Check MCO is not in degraded state
Check the machine-config operator clusteroperator resource for any errors which would indicate a problem with specific nodes or machineconfigpools. Refer Link
$ oc describe clusteroperator machine-config
Checking status of nodes
$ for node in $(oc get nodes -o name | awk -F'/' '{ print $2 }');do echo "-------------------- $node ------------------"; oc describe node $node | grep machineconfiguration.openshift.io/state; done
Understand known causes for MachineConfig Operator in degraded state.
Node hang/Kernel Crashes/OOM issues
OpenShift Container Platform runs on RHCOS, which is based on RHEL. Refer to OpenShift 4 node with cgroup out of memory and oom-kill errors for troubleshooting OOM issues. For additional troubleshooting and investigate Kernel issues refer to troubleshooting operating system issues.

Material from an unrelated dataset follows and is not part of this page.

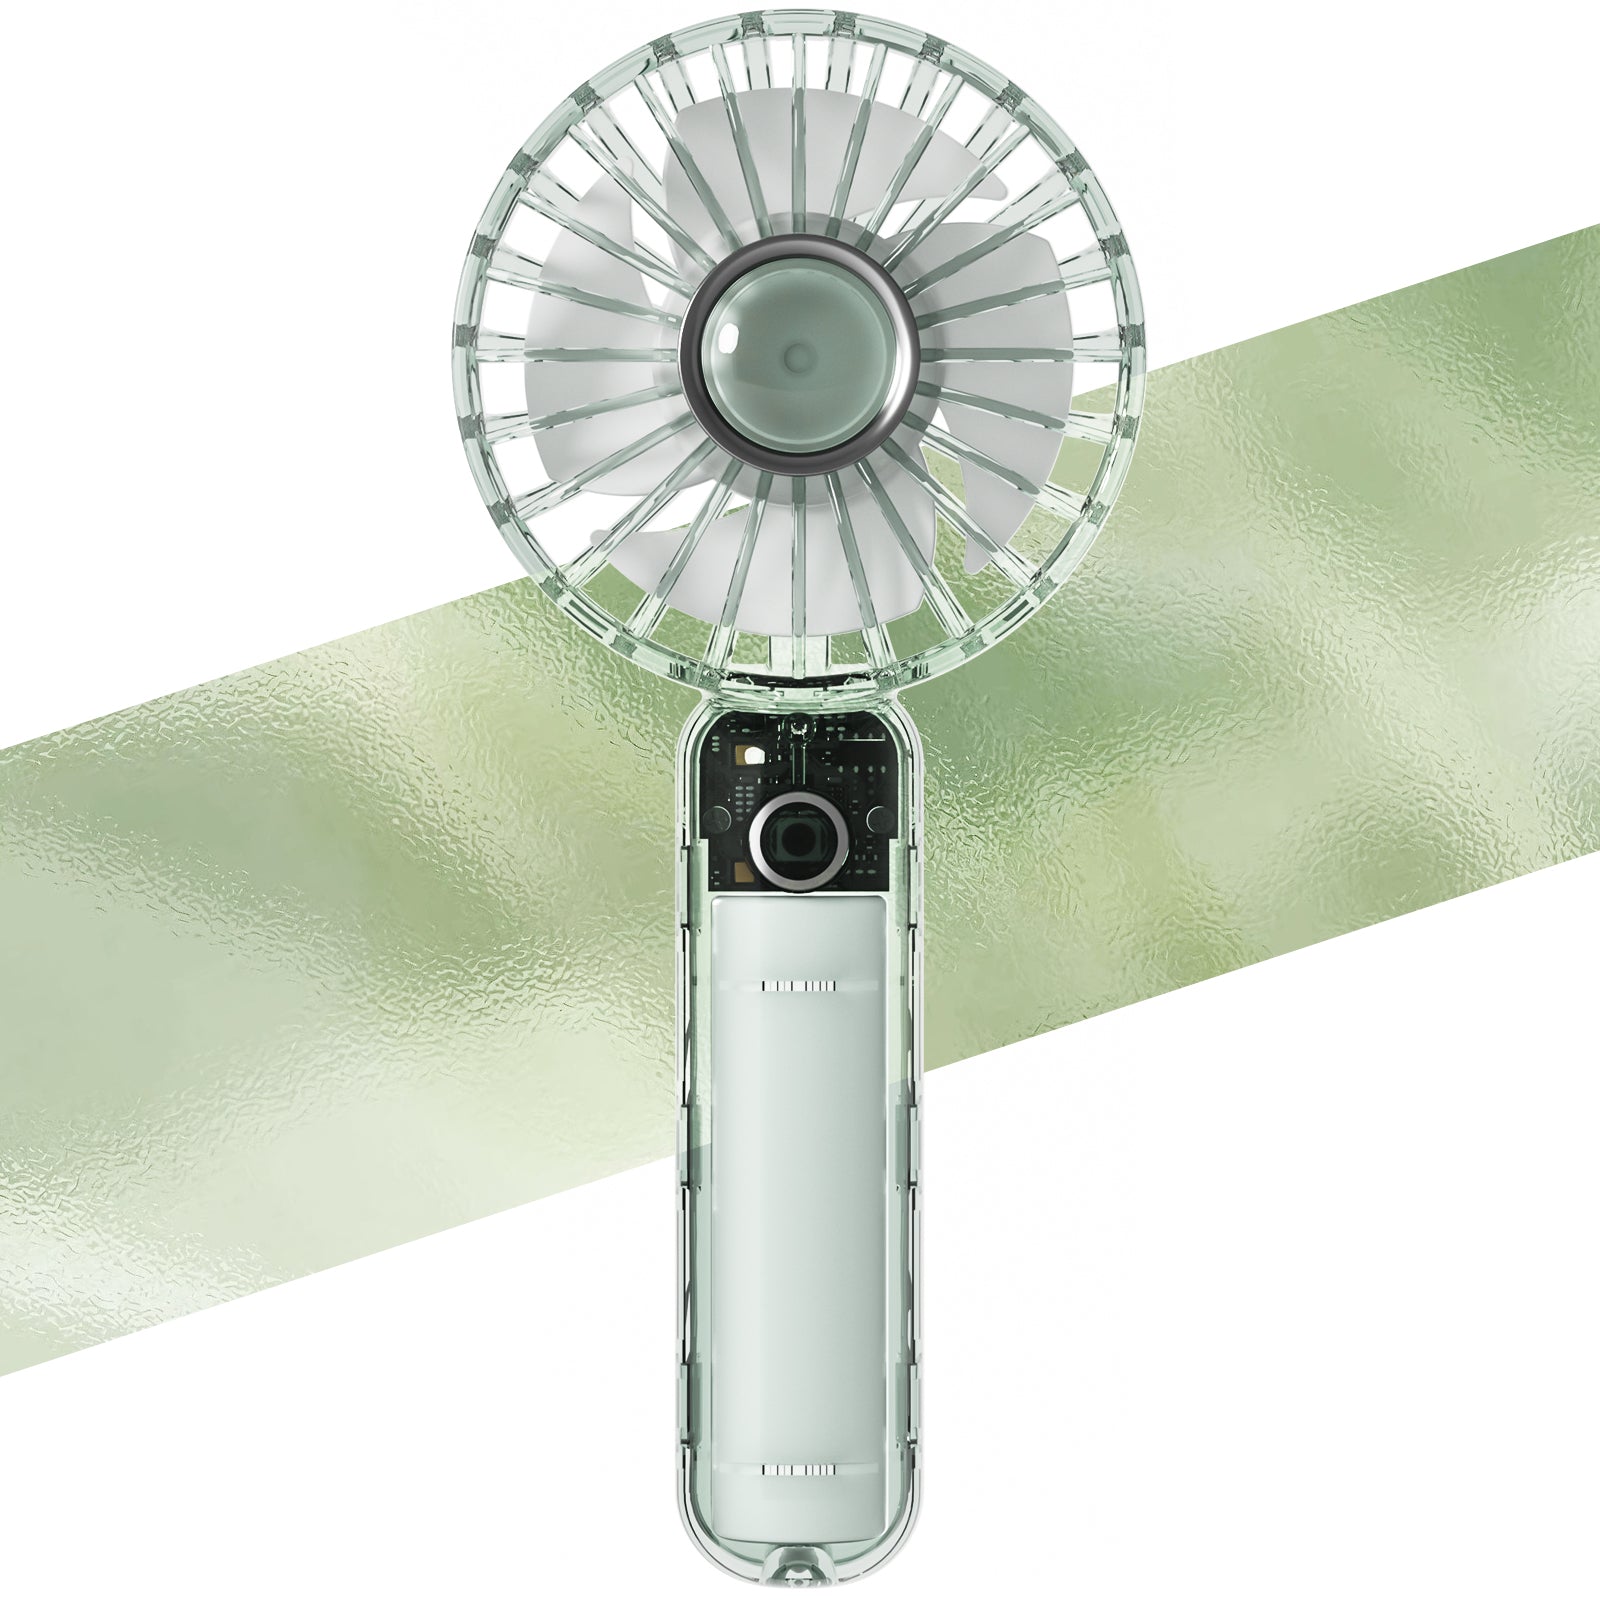 HAGOOGI(ハゴオギ) ハンディファン ハンディ扇風機 透明設計 おしゃれ 携帯扇風機 手持ち小型扇風機 ミニ扇風機 usb 扇風機 静音設計 ミニファン USB 強力 風量 涼しい 夏

CRI-O container runtime issues
Verify if CRI-O panics below stack straces are seen in the logs:
$ journalctl -u kubelet.service --no-pager
Mar 14 15:23:27 worker-1 systemd[1]: crio-conmon-5e4a5efe282d3f77fe472d8810fa9a8a61 df545a6087a7e8ecaa9379b7f1fa5c.scope: Consumed 55ms CPU time
Mar 14 15:23:27 worker-1 crio[1636]: panic: close of closed channel
Mar 14 15:23:27 worker-1 crio[1636]: goroutine 5778599 [running]:
Mar 14 15:23:27 worker-1 crio[1636]: panic(0x55c2b280a280, 0x55c2b2aa4f90)
Mar 14 15:23:27 worker-1 crio[1636]: /usr/lib/golang/src/runtime/panic.go:1065 +0x565 fp=0xc001827530 sp=0xc001827468 pc=0x55c2b098e8a5
Mar 14 15:23:27 worker-1 crio[1636]: runtime.closechan(0xc00187e300)
Mar 14 15:23:27 worker-1 crio[1636]: /usr/lib/golang/src/runtime/chan.go:363 +0x3f5 fp=0xc001827570 sp=0xc001827530 pc=0x55c2b095cbb5
Refer crio panics with panic: close of closed channel
Troubleshooting CRI-O container runtime issues
Check resources usage
If the SystemMemoryExceedsReservation alert is observed, refer to SystemMemoryExceedsReservation alert received in OpenShift 4.
Verify node performance if any lack of memory or CPU, or I/O bandwith is occurring. Connect to the OpenShift Container Platform web console as cluster-admin and go to Monitoring->Dashboards and select the "Kubernetes / Compute Resources / Node (Pods)" dashboard to search for any spike in the resource consumption:
From this view is possible to determinate if there is any pod consuming too many resources, a good habit is to configure resources requests and limits. Refer to This content is not included.how to specify limits and requests for cpu and memory in OpenShift for additional information.